Hypomagnesaemia-associated hypokalaemia requires activation of both ENaC and ROMK.

Hypokalaemia is common in hypomagnesaemic patients, but the in vivo mechanisms have not been determined. Along the distal nephron, lower intracellular Mg(2+) has been proposed to release the Mg(2+)-mediated inhibition of renal outer medullary K(+) (ROMK) channels, increasing urinary K(+) excretion. Higher activity of the epithelial Na(+) channel (ENaC), which provides the driving force for K(+) secretion via ROMK, may also be required. We tested the hypothesis that hypomagnesaemia-induced hypokalaemia is associated with higher activities of both ENaC and ROMK. C57BL/6J mice were fed normal (NL), low Mg(2+) (LM), low Na(+) (LS) or low Na(+)/Mg(2+) (LS/LM) diets.
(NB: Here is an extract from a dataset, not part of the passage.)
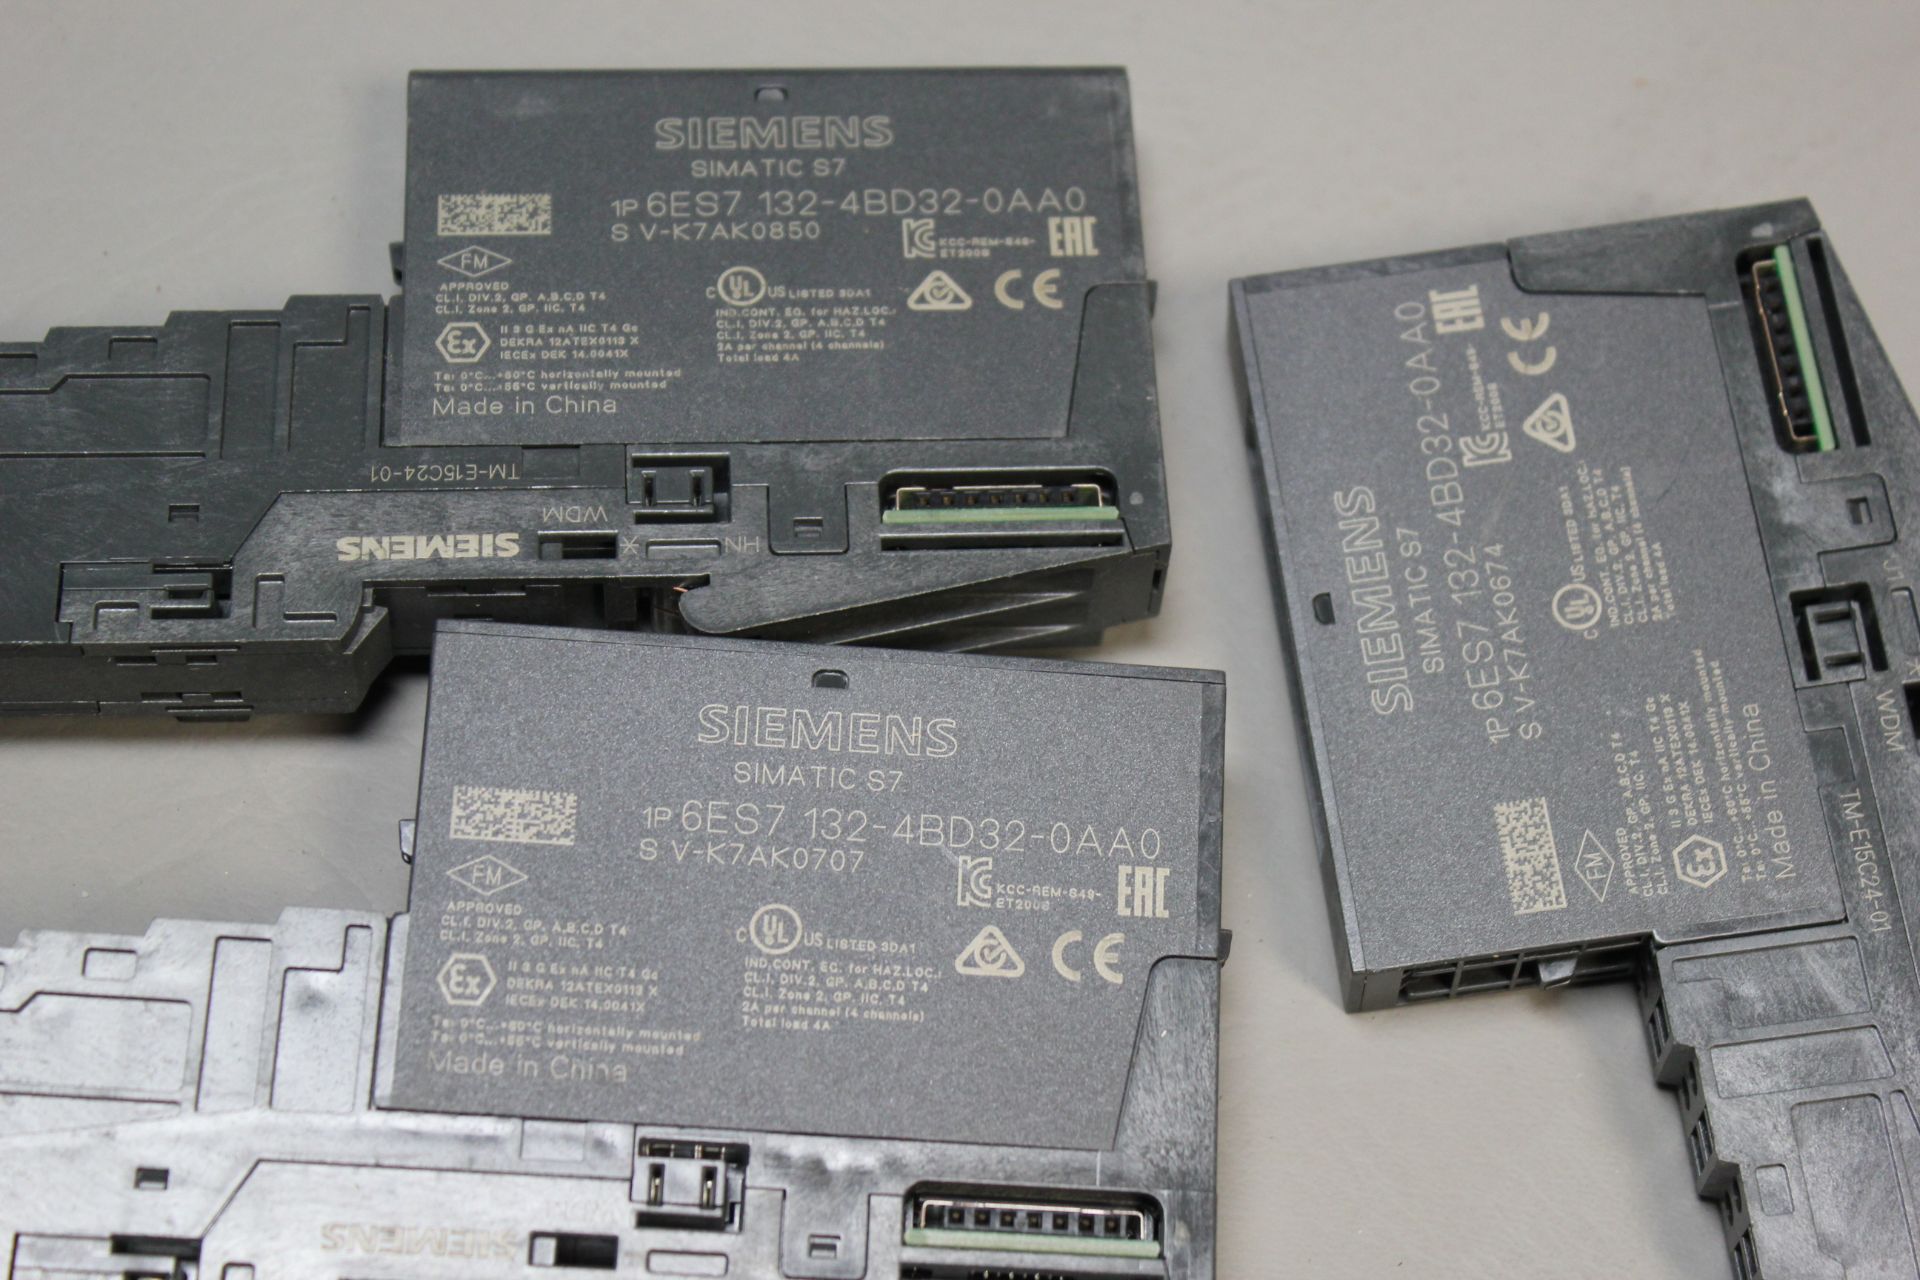 LOT OF SIEMENS SIMATIC S7 DIGITAL ELECTRONIC MODULES - Image 3 of 3

Kidneys and blood were harvested for western blotting and measurement of plasma [K(+)]. ROMK activity was measured by patch-clamping of split-open distal convoluted tubule 2 (DCT2)/connecting tubule (CNT) from mice on NL or LS/LM diets. Plasma [K(+)] was significantly lower in mice on LS/LM diet. Compared with mice on NL diet, abundances of cleaved α- and γ-ENaC, which correlate with ENaC activity, were higher in mice on LS diet, and lower in mice on LM diet but not on LS/LM diet, suggesting Na(+) and Mg(2+) restriction counteract each other. A lower natriuretic response to acute amiloride administration confirmed lower ENaC activity in mice on LM diet. ROMK activity along DCT2/CNT was higher in mice on LS/LM but not on LM diet compared with mice on NL diet. Together, our data suggest that Mg(2+) restriction inhibits ENaC activity, and both higher ENaC activity and disinhibition of ROMK are required for the development of hypokalaemia in the context of hypomagnesaemia. KEY POINTS: In patch-clamping experiments, lower intracellular Mg(2+) releases the Mg(2+)-mediated inhibition of renal outer medullary K(+) (ROMK) channels, increasing urinary K(+) excretion, but hypomagnesaemia does not always lead to hypokalaemia in several genetic disorders and animal experiments. Epithelial sodium channel (ENaC)-mediated Na(+) entry provides the driving force for K(+) secretion via ROMK, but how hypomagnesaemia affects ENaC activity remains unknown. We found that ENaC activity is lower following dietary Mg(2+) restriction but is preserved with combined Mg(2+)/Na(+) restriction, stimulating K(+) secretion via ROMK. Our findings probably explain why Mg(2+) restriction alone cannot cause hypokalaemia in vivo and provide new insights into the mechanisms of hypomagnesaemia-induced hypokalaemia.